Doubts have been cast on the possibility of a lake of liquid water buried beneath Mars’ southern ice cap by new computer simulations that suggest that tightly packed layers of ice can produce the same radar reflections that liquid water would.
In 2018, the European Space Agency Mars Express orbiter used its MARSIS (Mars Advanced Radar for Subsurface and Ionosphere Sounding) instrument to identify what appears to be 20 kilometers (12.4 miles) wide a lake of liquid water buried deep under 1.5 km (0.93 mi) of ice in a region called Planum Australe in the south polar plain of Mars. Subsequently, similar evidence emerged for potentially dozens of lakesbut some are so close to the surface that it seems impossible for water to be a liquid there.
This is because the surface of Mars is Too cold and on atmospheric too low a pressure to allow liquid water to stay too close to the surface. However, at the base of the southern polar ice cap, the temperature and pressure conditions, with the help of a little natural antifreeze, could allow salt lakes to exist.
Connected: Water on Mars: Research and evidence
This antifreeze can be in the form of calcium and magnesium perchlorate, which is a chemical compound found on the surface of Mars by NASA phoenix mission in 2008, magnesium and calcium perchlorate, when dissolved in water, would lower their freezing points to a minimum of minus 68 degrees Celsius and minus 75 degrees Celsius (minus 92 and minus 103 degrees Fahrenheit), respectively—very close to the predicted temperature of minus 68 degrees C (minus 90 degrees F) at the base of the ice cap. Therefore, it is not too difficult to imagine localized conditions of temperature, pressure, and perchlorate concentration conspiring to allow large pools of liquid water on Mars.
Further evidence for such lakes comes from measurements of surface ice ripples; the liquid water reduces the amount of friction between the ice sheet and the bedrock beneath it, allowing the ice sheet to flow faster over the bedrock. This increase in flow rate leads to dips and peaks in the surface ice, which is exactly what is seen in the Planum Australe.
Despite all this evidence, however, many in the planetary science community are skeptical; the presence of liquid water on Mars would be an extraordinary find and requires extraordinary evidence. Now, a team of scientists at Cornell University is fanning the flames of that skepticism with new findings that provide an alternative explanation for radar echoes.
“I can’t say it’s impossible to have liquid water down there, but we’re showing that there are much simpler ways to get the same observations without having to stretch so far using mechanisms and materials, that we already know exist there,” said Cornell’s Daniel Lalich in a statement. Lalich is the lead author of new research that suggests compacted ice sheets can return a strong radar signal that looks just like the radar echo from a layer of liquid.
A large body of water is able to reflect the radar back to its source because of how flat the lake is, etc The Earth bright radar reflections of the kind detected by MARSIS would almost certainly indicate liquid water similar to pockets of water beneath Antarctica, such as Lake Vostok. However, planetary scientists must be careful to assume that what is true for Earth is also true for other planets where conditions are not the same.
Lalich’s group ran thousands of simulations to test whether multiple densely packed layers of ice could mimic the radar signal of a lake. Each simulation changes both the thickness of the ice sheets and their composition (meaning how dirty they are). They found that in many cases, tightly packed layers of ice, deposited long ago and crushed under the weight of the ice sheet, can produce bright radar reflections just like those detected by MARSIS.

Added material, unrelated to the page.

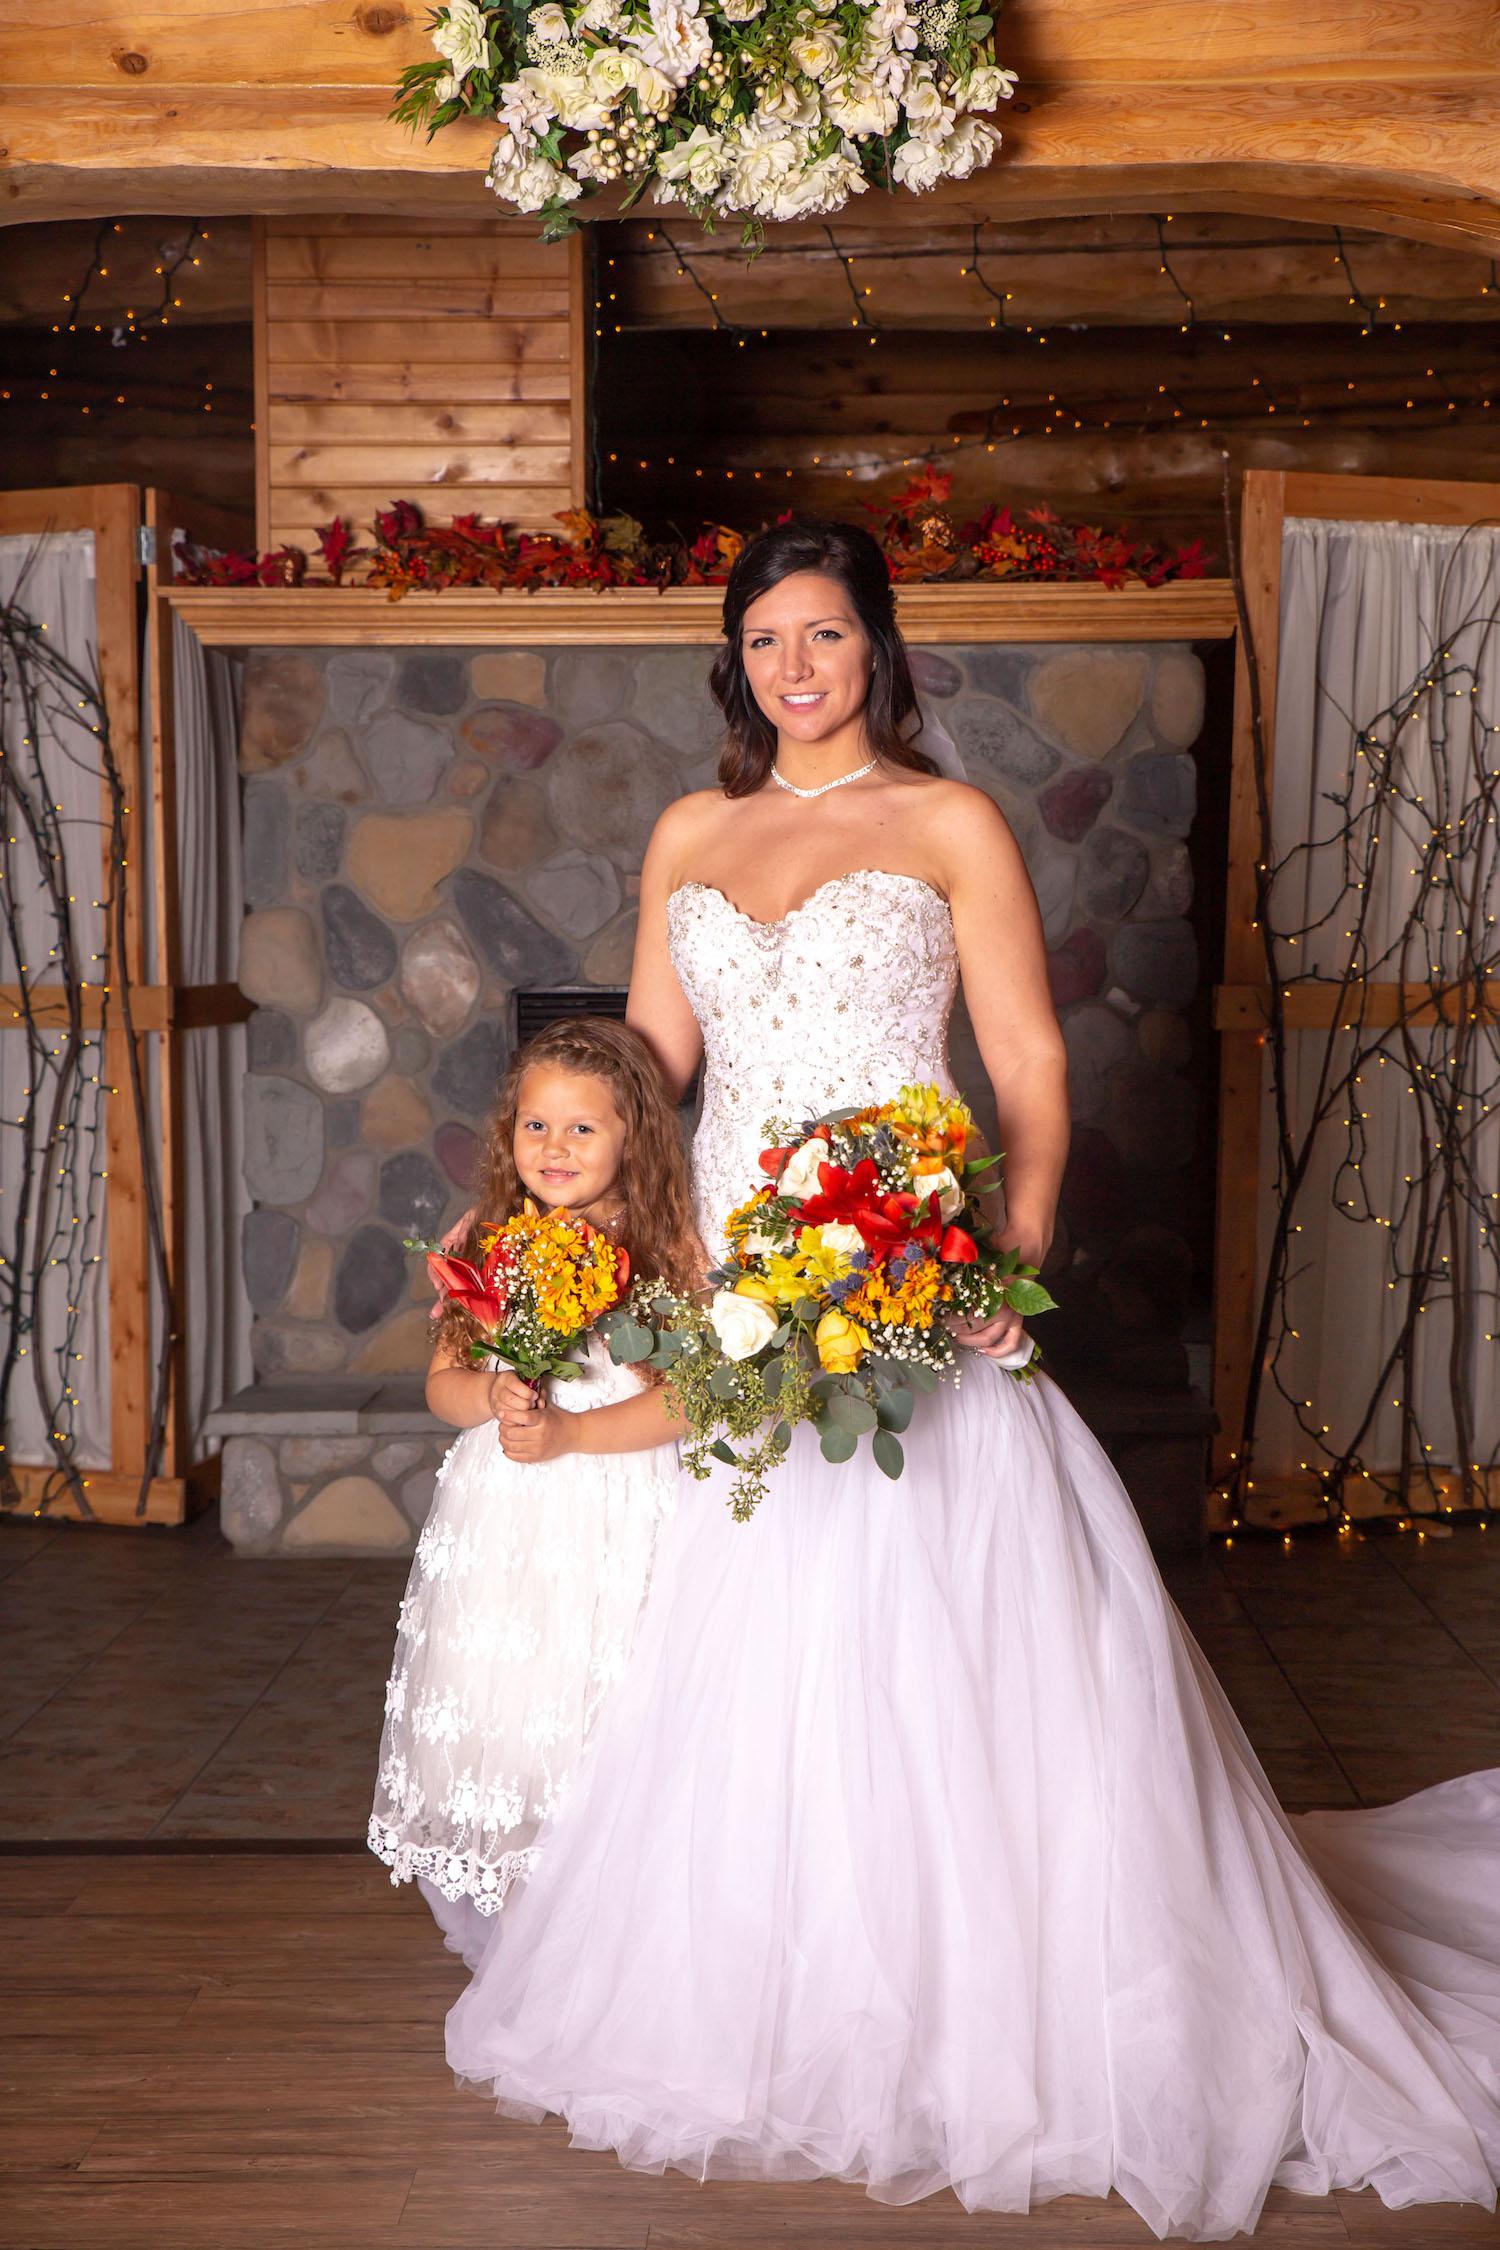 Glenhaven winter Minnesota wedding rustic barn, orange and yellow bouquet, flower girl photo
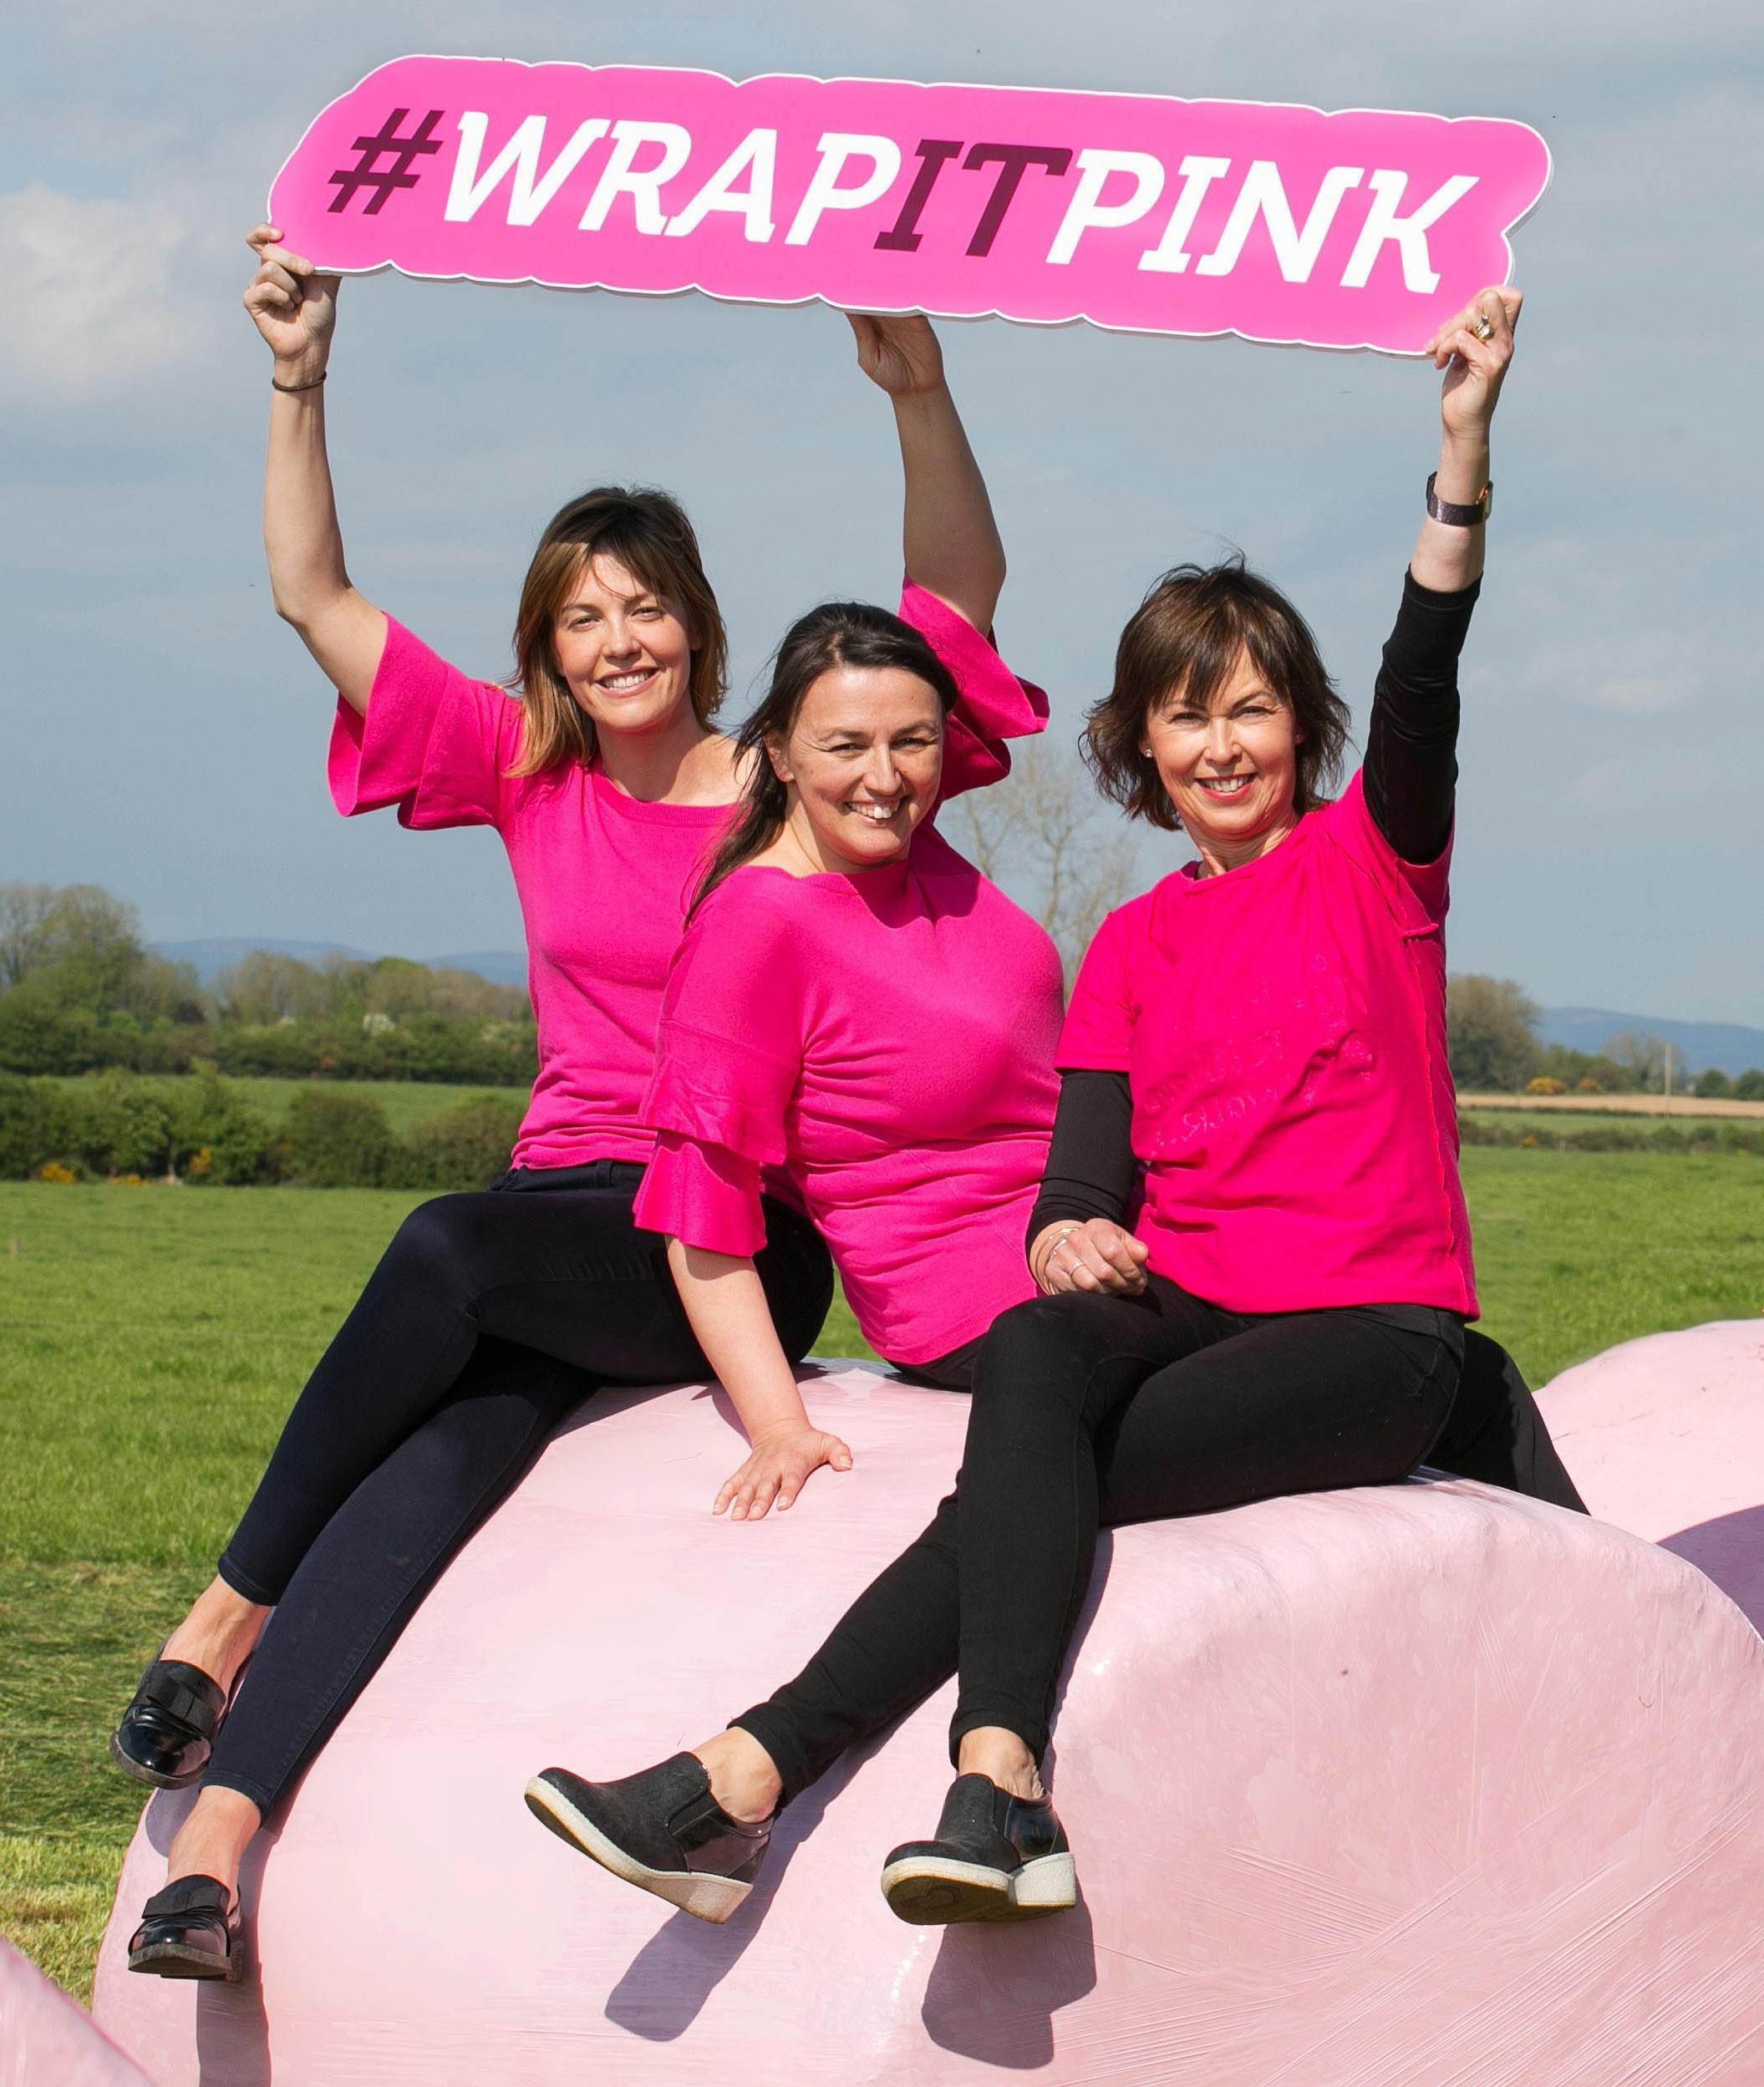 Wrap It Pink: Rural Ireland Turns Pink for Third Year Running!

The trick is “constructive interference” of radar waves. The spatial resolution of MARSIS is limited, and if the ice layers are too thin, the radar instrument cannot distinguish them. Each layer would reflect back a portion of the radar beam, and because the layers are squished so tightly together, the radar echoes overlap and combine, amplifying their strength and making them appear brighter.
“This is the first time we have a hypothesis that explains the entire population of observations under the ice cap without having to introduce anything unique or strange,” Lalich said. “This result, where we get bright reflections scattered all over the place, is exactly what you would expect from thin-layer interference in radar.”
For now, the question of whether there is a salt lake under the south polar cap remains unanswered, but Lalich argues that the simulations at least provide a much simpler and, he says, more likely explanation than a lake.
“The idea that there would be liquid water even slightly close to the surface would be really exciting,” Lalich said. “I just don’t think it’s there.”
Lalich’s team’s findings were published June 7 in the journal Scientific progress.